In particular, the baseline outlook assumes the expiration of three policies that will not happen. First, it assumes that the tax cuts put in place in 2001 and 2003 will expire, raising taxes sharply at the end of this calendar year—a proposal not even President Obama supports. Second, the baseline assumes that the Alternative Minimum Tax (AMT) will begin to snare more and more taxpayers, even though the AMT has been patched annually to hold taxpayers harmless for more than a decade. Third, the baseline assumes that Medicare’s payment rates for physicians will decrease by 27 percent on March 1, 2012, despite the fact that Congress has repeatedly prevented the payment reduction. While those assumptions are not tenable, they do improve CBO’s baseline deficit outlook by $4.9 trillion over the projection period—overstating tax receipts by $4.6 trillion and understating Medicare spending by $326 billion.

The omissions regarding expiring policy also have an impact on the size of the national debt and the cost of servicing that debt. The higher interest costs add $846 billion to deficits and debt over the projection period, which make the total deficit impact of the excluded policies $5.7 trillion. Adding this amount to the baseline levels will increase gross federal debt to $27.4 trillion at the end of fiscal 2022. This would make the ratio of the nation’s debt to its economic output approximately 111 percent in 2022, even higher than it is today. …

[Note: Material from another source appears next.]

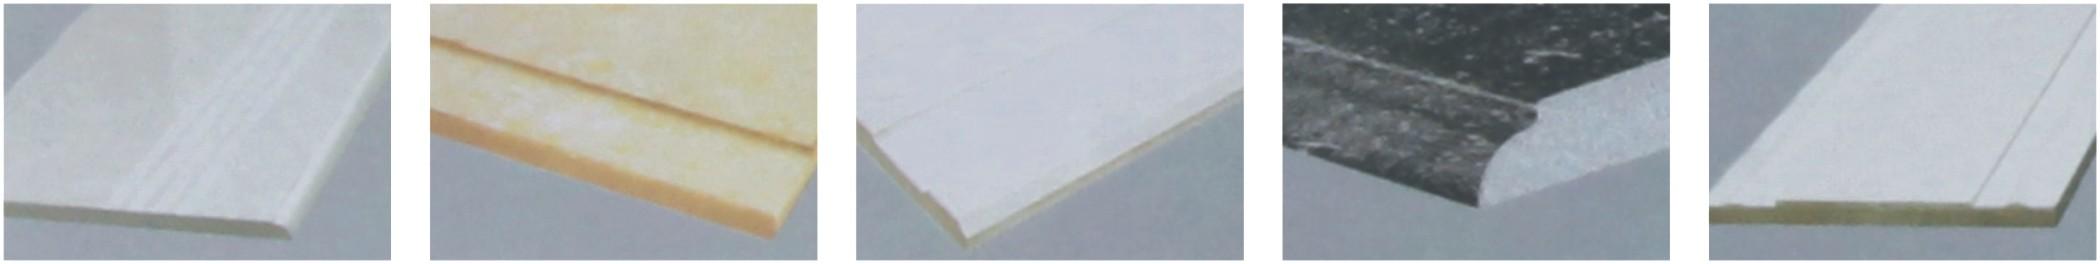 圆弧线条机 TDX-1200圆弧线条机,陶易达*新圆弧线条抛光机适用于陶瓷,大理石,花岗岩等不同材料,具有生产效率高,速度快,质量好,加工成本低等许多优势,是继圆弧机之后的一大新产品,推出之后得到市场上的好评,是陶瓷深加工设备的黄牌机器,圆弧抛光机可以加工楼梯踏步,地脚线,L型,45度,圆弧边,防滑槽等陶瓷,石材加工,在圆弧抛光机的基础上增加了异性线条,法国边,腰线,鸭嘴边,罗马边等功能。 技术参数: 设备型号 输送带数量 抛光圆弧磨头数量 抛光磨头直径 倒角磨边轮直径 倒角磨轮直径 磨线条轮数量 TDY

An examination of CBO’s spending baseline shows that federal spending is on an unsustainable course.

From a political standpoint, the bad news may be coming just in time. Barack Obama has been clawing his way back toward respectability in the polls; currently Scott Rasmussen’s Approval Index stands at a -13, a poor rating but lofty compared to where Obama has been for most of his term. Worse, overall approval now exceeds disapproval for the first time in a long while, 51-48.

And the Democrats’ resurgence is also evident in Rasmussen’s latest congressional preference poll, where the Democrats now lead–albeit narrowly, at 41-40–for the first time in well over a year, I believe since before the midterm election.

So the Republicans have managed, somehow, to squander the strong position they have occupied since early in Obama’s term. To some degree, that is probably due to improving consumer sentiment. But I suspect it is more attributable to the GOP presidential campaign. What should have been a great opportunity to bang away at President Obama has become, instead, a fiasco for the Republicans, as the candidates, especially Newt Gingrich, have consistently violated Ronald Reagan’s 11th Commandment. We are now, I am afraid, seeing the consequences.